# looking to add 'peaceful' cichlid



## danxpotter (Jun 6, 2009)

i want to add one cichlid for color/personality because i miss my cichlid community tank ;( i was thinking a ram for their alleged peaceful demeanor. (i've never had rams) any ideas for a lone cichlid for my community tank?? i have 2 or 3 caves/private spots perfect for a rock-dwelling cichlid my current fish do not ever inhabit. if not a cichlid i'd like another smaller gourami that my male golden will not mind. he ignored all the little buggers in the tank but for some reason i think he'd murder another gourami but i've never tried. thanks for any and all suggestions.....


----------



## emc7 (Jul 23, 2005)

pelvicachromis (kribs) are colorful and like rocks more than rams. Rams like the open water/plants like the gourami does.


----------



## danxpotter (Jun 6, 2009)

i like the kribs but i can not find any around here.. i have three reputable, fish stores here and they all carry a limited supply of dwarf cichlids so i have no found any kribs. i don't know anything about ordering fish online?? any suggestions?


----------



## danxpotter (Jun 6, 2009)

how fast do plecos grow? my pleco has been about 4 inches for quite some time. i wonder if he has enough algae to eat?


----------



## danxpotter (Jun 6, 2009)

and by 'quite some time' i should add means about six months. hah.


----------



## SouthernBelle23 (Mar 24, 2009)

Do you feed him anything else? Throw in some algae wafers and bottom feeder pellets too. He'll appreciate it.  

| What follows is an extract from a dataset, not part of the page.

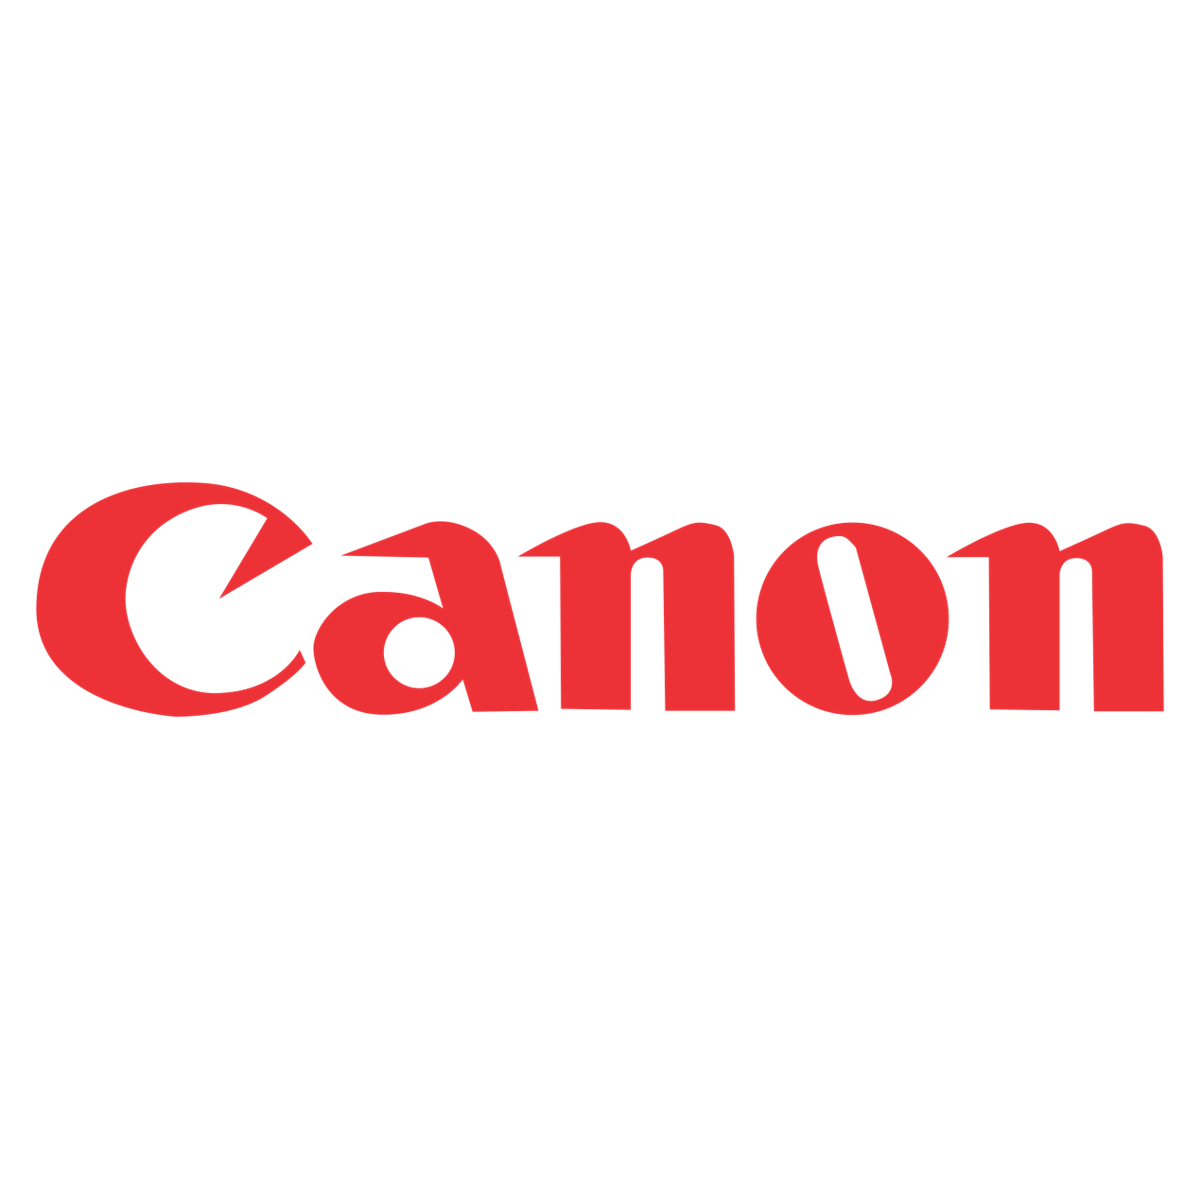 Canon DADF AV1 iR-C3520I/3525I - 100 sheet

You have alot of fish in your tank.....but if you want more, Rams are nice. They aren't rock dwellers, but might use a cave to hide in/spawn near. They are pretty peaceful usually.


----------



## emc7 (Jul 23, 2005)

if you want to order online aquabid.com is a good place to start. There is much more variety available, but shipping live fish is always pricey. Local fish clubs are a good alternative to stores if there are any near you.


----------



## StripesAndFins (Dec 31, 2008)

what type of pleco do you have? some plecos stay at 4". i believe BN's do. i second the kribs or rams. i think appistos are really mean but i may be wrong. if it were me i wouldnt get appistos.


----------



## Guest (Jun 7, 2009)

i 3rd the rams! i got 3 in my 25 and like emc said, they love planted tanks. not sure about apistos or kribs, though i would LOVE to get hold of a pair of kribs!


----------